I usually run the command below (two jobs) in `csh` whilst working in Plasma:

`cd /usr/src && time make -j2 buildworld >& buildworld.log && time make -j2 buildkernel >& buildkernel.log && tail buildworld.log && tail buildkernel.log`


----------



## astyle (Apr 3, 2022)

I only did it with a Ryzen 5 1400 about a year ago:



			https://forums.freebsd.org/profile-posts/3201/
		

`make -j4 buildworld` takes a little over 1.5 hours. I do have 32 GB of RAM on that rig.


----------



## meaw229a (Apr 4, 2022)

grahamperrin said:


> I usually run the command below (two jobs) in `csh` whilst working in Plasma:
> 
> `cd /usr/src && time make -j2 buildworld >& buildworld.log && time make -j2 buildkernel >& buildkernel.log && tail buildworld.log && tail buildkernel.log`



I really like your approach to this one and was never thinking about it so far. Instead of going with make -j-as-many-jobs-as-possible
go with something like 30% and keep using the computer while building the world.
Next time I will try this for sure.
How responsive is your Plasma while building the world in the background?


----------



## grahamperrin@ (Apr 4, 2022)

meaw229a said:


> … How responsive is your Plasma while building the world in the background?
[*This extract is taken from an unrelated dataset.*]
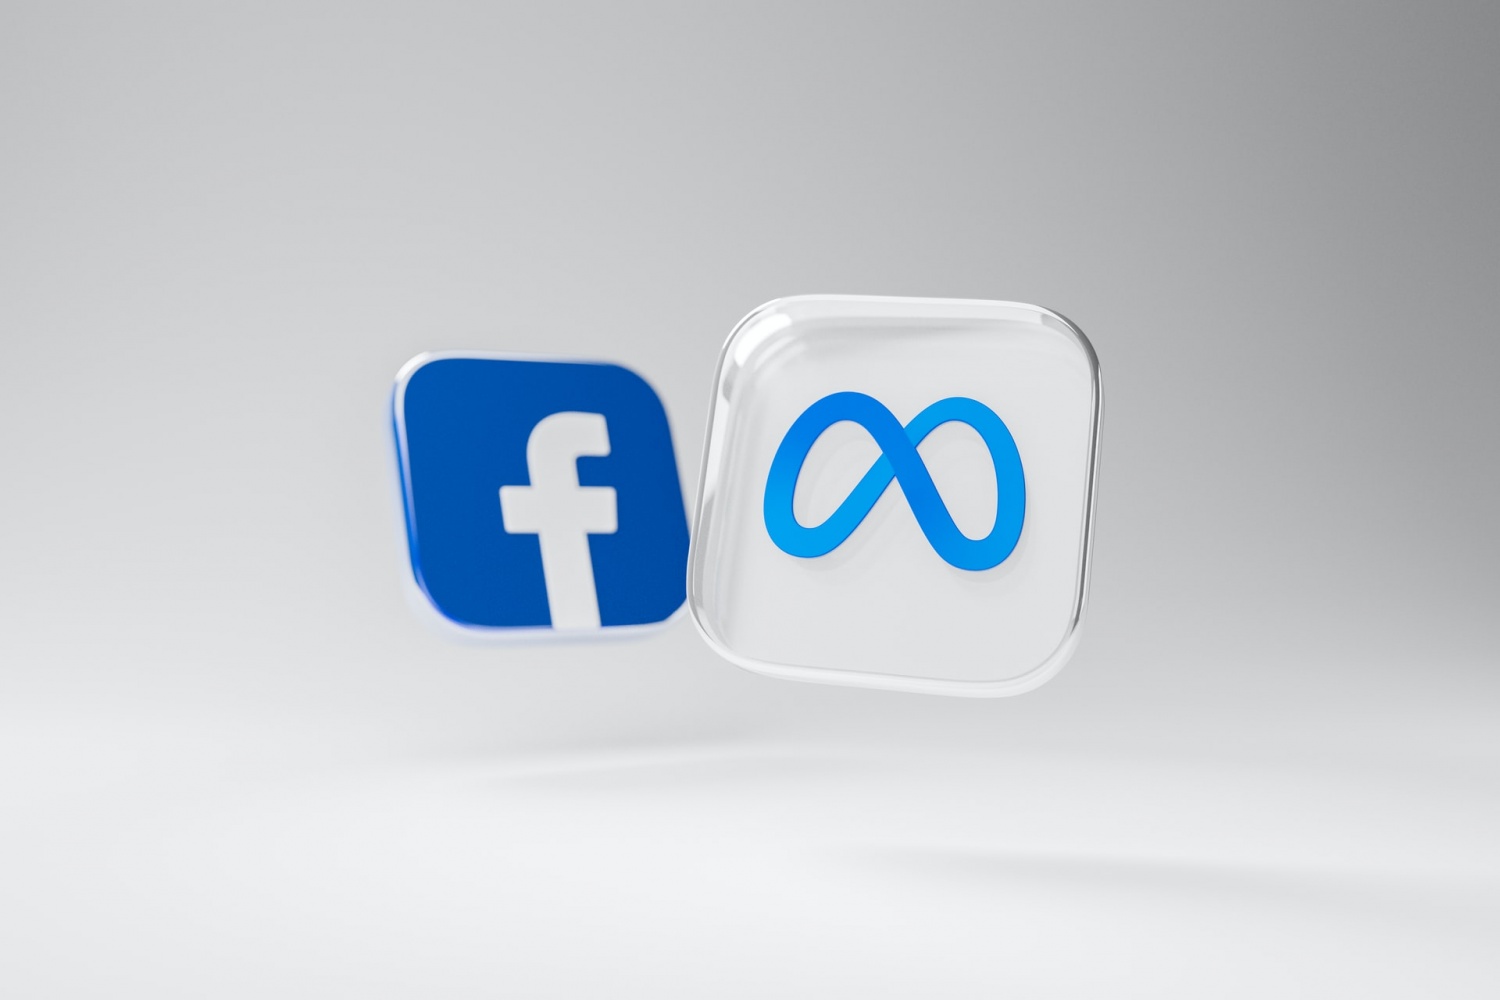 facebook groups logo

It's fine, largely thanks to L2ARC.

Some of the time was spent installing FreeBSD to a virtual machine (<https://forums.freebsd.org/posts/562361>), and so on.



grahamperrin said:


> … Around fifty-seven minutes. Unusually for me, four jobs. …



With two instead of four, and concurrent use of the desktop environment for much of the time: more than seven hours.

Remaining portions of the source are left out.